In order to fill the market's steadily growing demand for higher processing capacity, computer and peripheral unit manufacturers are striving to provide faster access to the data stored in memories of both the volatile and nonvolatile types. In addition, there exists a need for lower supply voltages in order to reduce power consumption, while the development of memory cells of the multi-level type commands enhanced discriminating capabilities and more accurate reading.
Thus, a pressing problem is to provide circuitry that can give access to stored information in less time and require less power to do so, while ensuring highly reliable reading of the stored data, to thereby fill the market's demands.
The problem of high-speed reading or sensing has been tackled in several ways. Reading by reference cells involves the use of a nonvolatile memory cell identical with the memory cell being selected by decode blocks; regardless of whether the selected cell is written or not (i.e., has a high or low threshold), the reference cell is always erased (low threshold). In this way, the read circuit is comparing a low threshold cell (thereby drawing a nominal current typical of the physical characteristics of the cell) with a cell whose threshold may be high or low according to how it has been programmed. The selected cell will draw substantially the same current as the reference cell if the threshold is low and no current if the threshold is high.
A read circuit should supply the data output stages with either a high or a low logic value according to whether the threshold of the selected cell is the same as or other than that of the reference cell.
A generic reading arrangement based on the use of a reference cell is shown in FIG. 1. Its principle is that of having a generic selected cell (which may have a high or a low threshold) compared with a constantly virgin cell which, as such, will always be drawing the nominal current that characterizes it.
The reason why reading is performed by comparing a selected cell with a reference cell is that it provides an always virgin cell capable of accommodating the process variations of the array cells throughout the integrated circuit fabrication.
Reading by the reference cell technique actually is not effected by comparing any selected cell with one reference cell but rather by relating the bit line that contains the cell to be read to the reference bit line. Thus, decoding will result in two cells being selected in the same row of the array, namely, the cell to be read and the reference cell. Although the comparison is made with only one reference cell, the term reference bit line is more appropriate.

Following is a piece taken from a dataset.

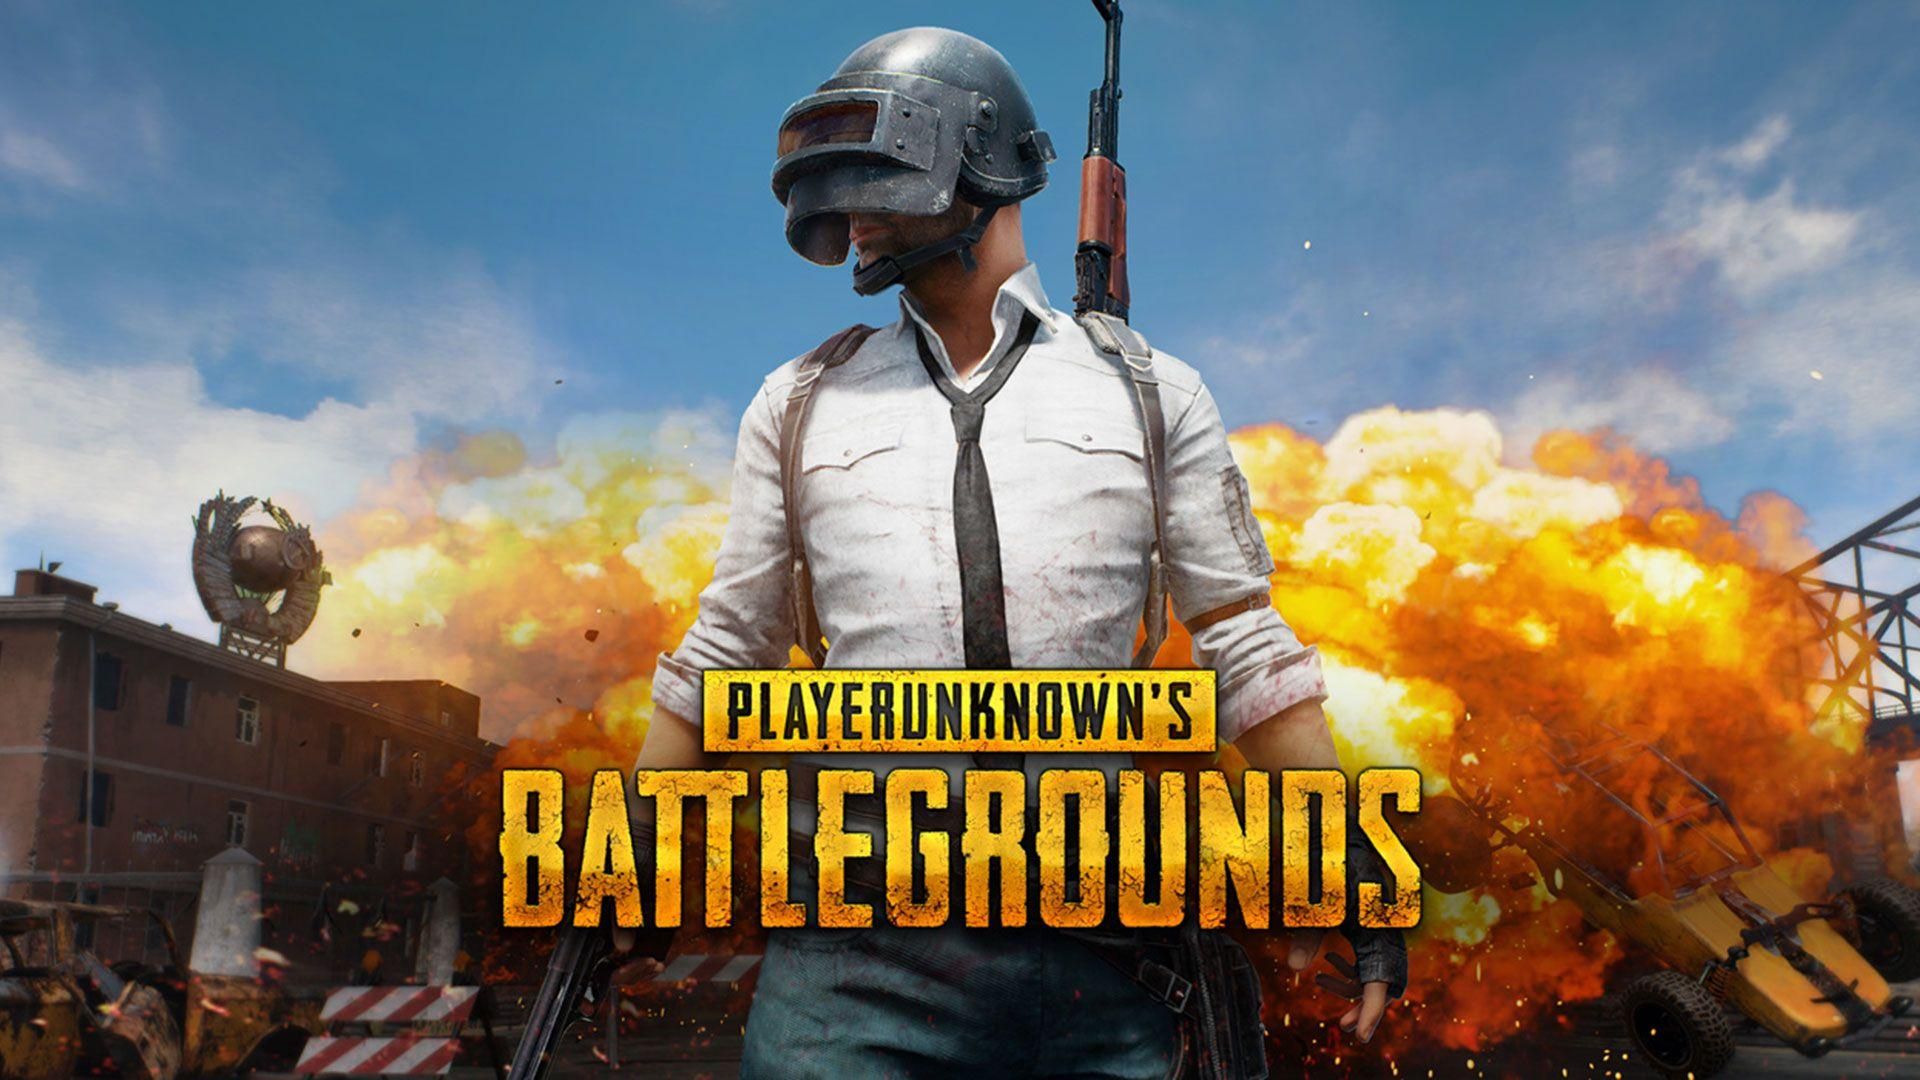 PUBG: Battlegrounds to Go Free-to-Play in January, Three Pre-Launch Events Announced With In-Game Rewards

The reference bit line does solve the problems caused by process variations. The reference bit line approach, in fact, lowers the rate of variations from processing tolerances in the physical and electrical parameters between cells as brought about by the memory array being spread over a fairly large surface. Once the row (word line) is selected, the reference bit line cell and the selected memory cell are allocated to the same axis.
The advantage of the reference cell reading method over the differential cell reading method (wherein data is stored into two memory cells in its straight and negated forms) resides in its reduced silicon area requirements.
As mentioned above, connected to the bit lines are, especially in high storage capacity (4 Mbit, 16 Mbit) devices, the drains of several thousands of memory cells. The capacitances of the junctions associated with the drains of such cells add together into an overall capacitive load of several picofarads. Again, the high bit line capacity is bound to restrict the sensing speed of any reading scheme based on the amplification of a voltage signal developed at the drain of the selected cell (voltage mode operation).
Therefore, current sensing appears preferable. The data discriminating circuitry (sense amplifier) should have a low input impedance and be responsive to current, rather than voltage, signals. The advantage of this method resides basically in its low input impedance allowing the cell current to be injected into the sense amplifier without the bit line voltage undergoing any significant change. In other words, the current method enables the bit line capacitance to be allocated to a node which bears little or no influence on the stored data sensing speed. Usually, before the reading step itself, a "pre-charging" step is also carried out in order to attain optimum voltage at the bit line node for performing the reading.
Reading a cell which has the same threshold voltage as the reference cell includes a privileged reading and a difficult reading. Where the selected cell has a high threshold voltage (and, therefore, no current flowing therethrough), the comparison with the reference cell is easily carried out. With two cells having low thresholds, on the other hand, the comparison becomes more difficult; the current flowing through the two cells is the same, and the sensing circuitry is to detect this condition.
From the literature, many circuits for reading memory cells which are based on the reference cell method are known, and their possible use is tied to the supply voltage whose value tends, as mentioned above, to decrease in today's applications.
What is needed is a novel read circuit for semiconductor memory cells which is based on the reference cell method and includes the best features of conventional circuits but exhibits improved accuracy in discriminating data contained in a cell, while being specifically suitable for use in multi-level cell storage devices.